June 28, 2004

My Fender is just a painted board And if I light it on fire I become such a fucking bore

* The Gothamist interviews Hal Hartley. excerpt:

Q: Please share a personal (and hopefully interesting) NYC taxi story.
A: An old Chinese woman taxi driver explaining why legalized prostitution would be good for the city.

Q: Time travel question: What era, day or event in New York's history would you like to re-live?
A: I would like to be my current age in the mid to late seventies. I came to New York a number of times then but I was too young to know what was happening.

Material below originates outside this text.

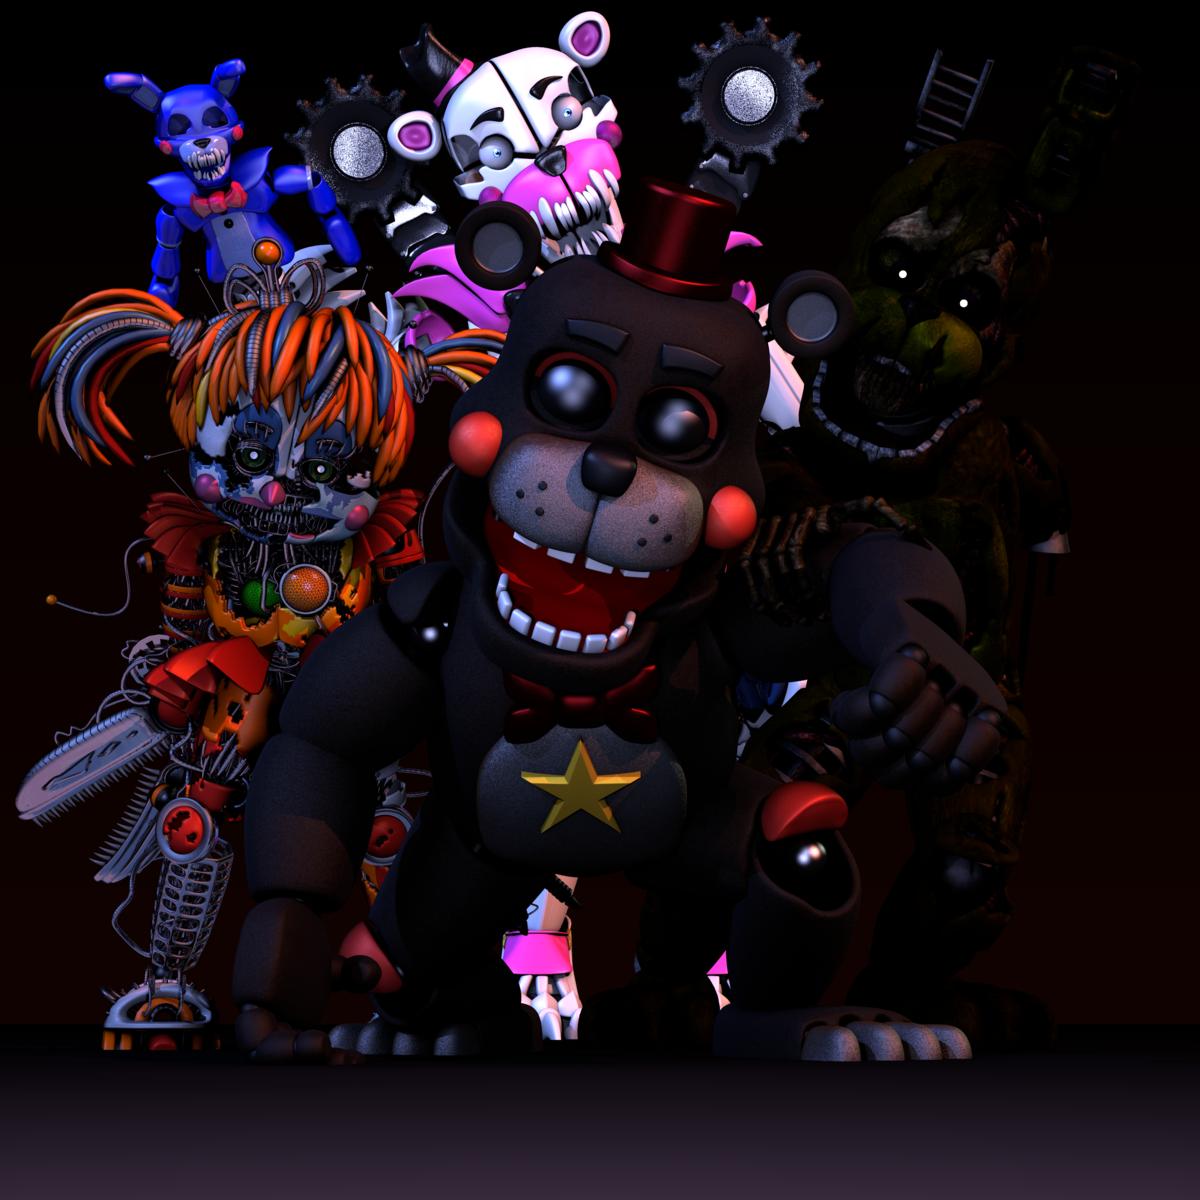 Картинки фнаф персонажей
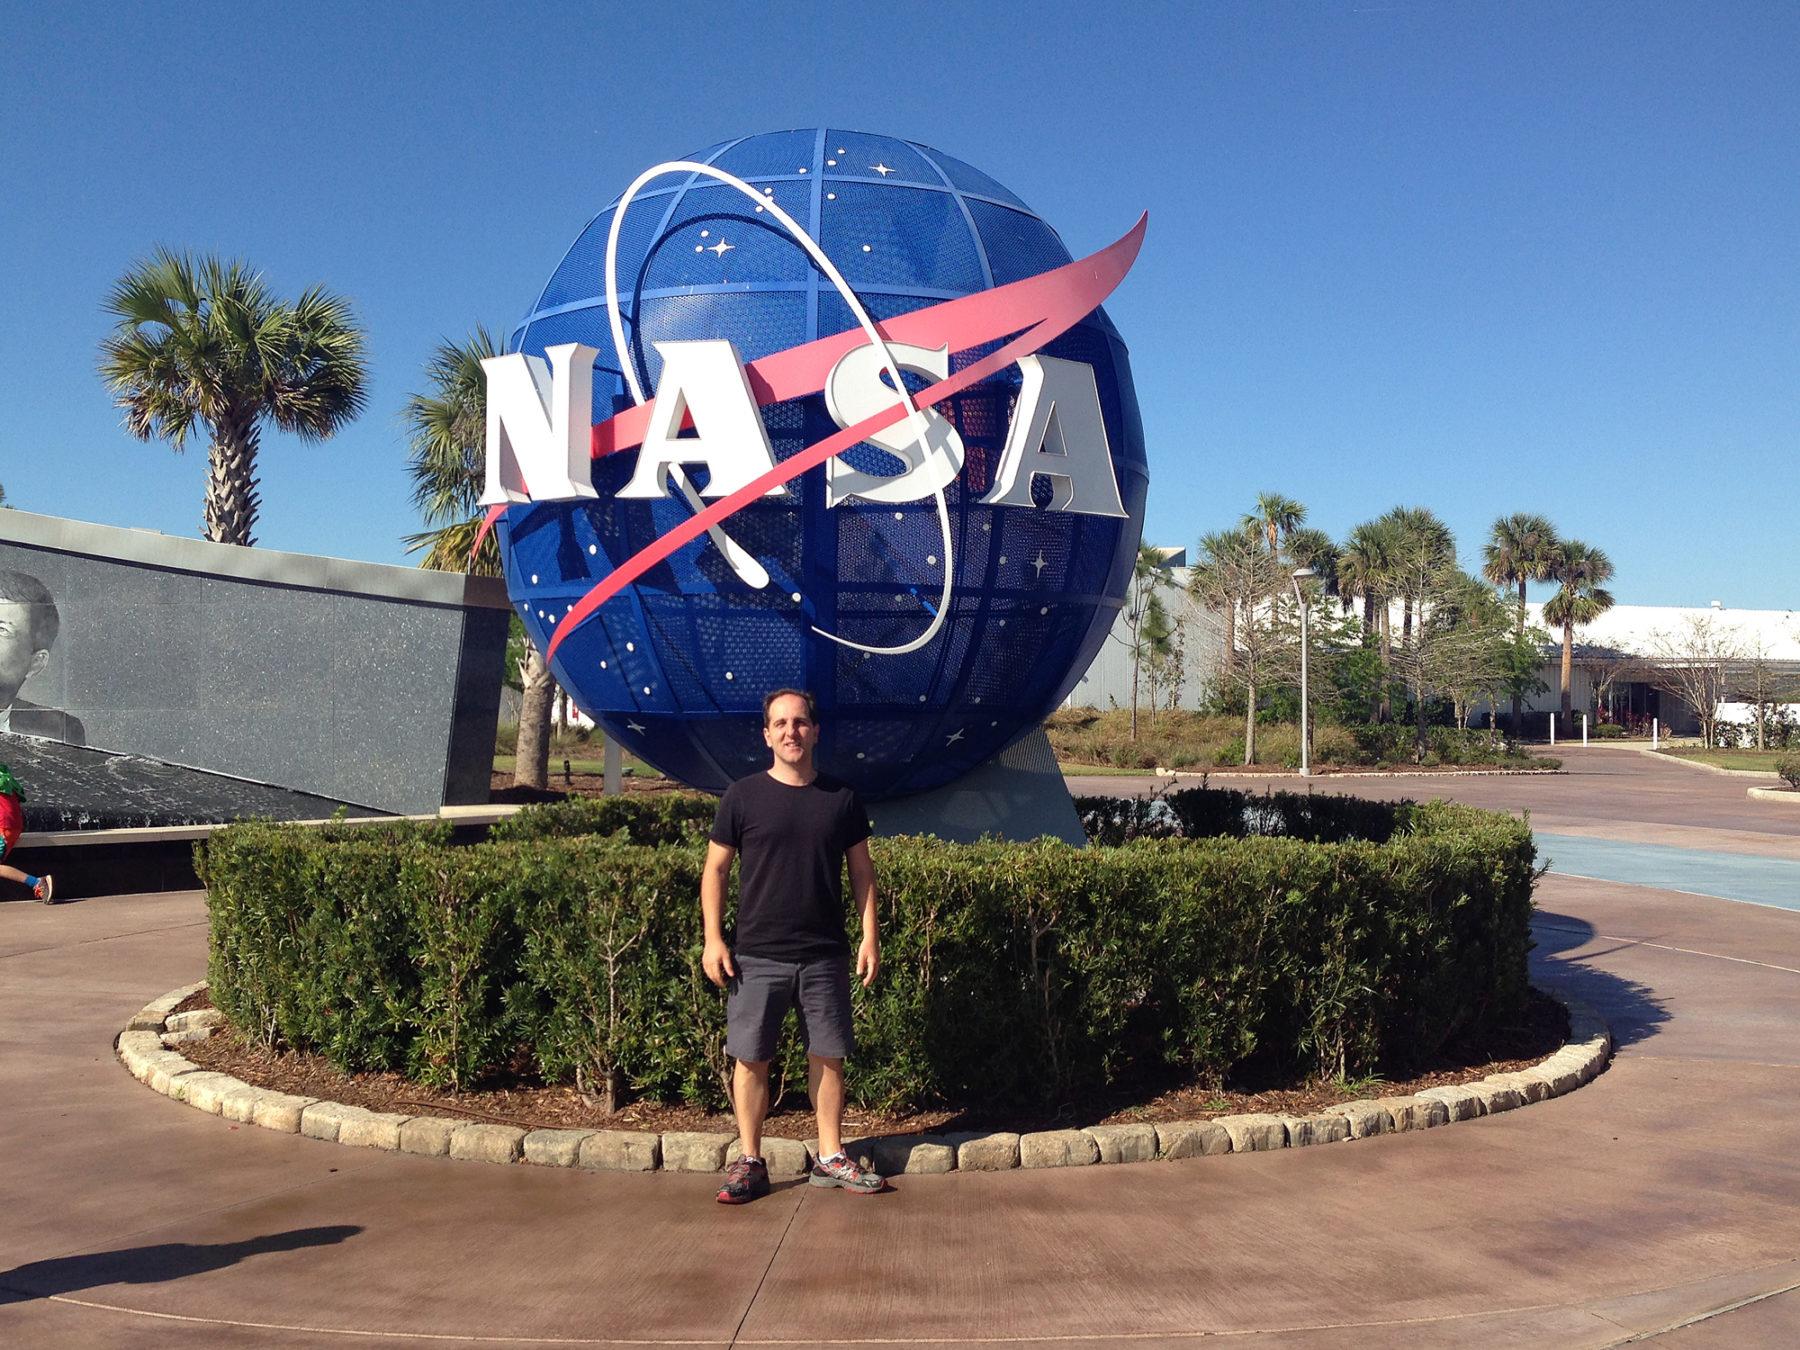 Phil-Philips-in-NASA

Q: Best celebrity sighting in New York, or personal experience with one if you're that type.
A: Being an apprentice iron-worker one summer in the early eighties and eating my lunch on the sidewalk beside my older brother. Andy Warhol comes around the corner, stops and checks the time on his watch, and moves on.

Q: Where do you summer?
A: In my apartment.

Q: If you could change one thing about New York, what would it be?
A: Car alarms would be outlawed.

* Why some music sounds better.

* Washington CityPaper (and the dust congress) recommends tonight's Bobby Bare Jr. show:

"Rock 'n' roll has never lacked for cocaine inspiration: Sabbath's Volume 4, the Eagles' Hotel California, the Mac's gold-dusted Tusk. There sure are some lameass renditions of songs about the white stuff, though. I for one would rather crawl out a 53rd-story window than have to poison my earhole with Slowhand's mangling of J.J. Cale's blue-flake ode. But Bobby Bare Jr.'s new 'The Terrible Sunrise' might be the best of the genre: 'The sunrise ain't pretty when you ain't been to bed/And tomorrow is today instead..../The devil has crawled inside your nose.' It's a worthy successor to Johnny Cash's version of 'Cocaine Blues.' Bare's From the End of Your Leash is full of great songs about drinking and heartbreak as well, and we can blame his upbringing for that. His daddy was no slouch as a songwriter, and Junior was raised in Nashville among such Outlaw Country royalty as Waylon Jennings—and we all know he was no stranger to the lure of the line. Bare plays with Tom Heinl at 8:30 p.m. at the Iota Club & Cafe, 2832 Wilson Blvd., Arlington. $10." See you there?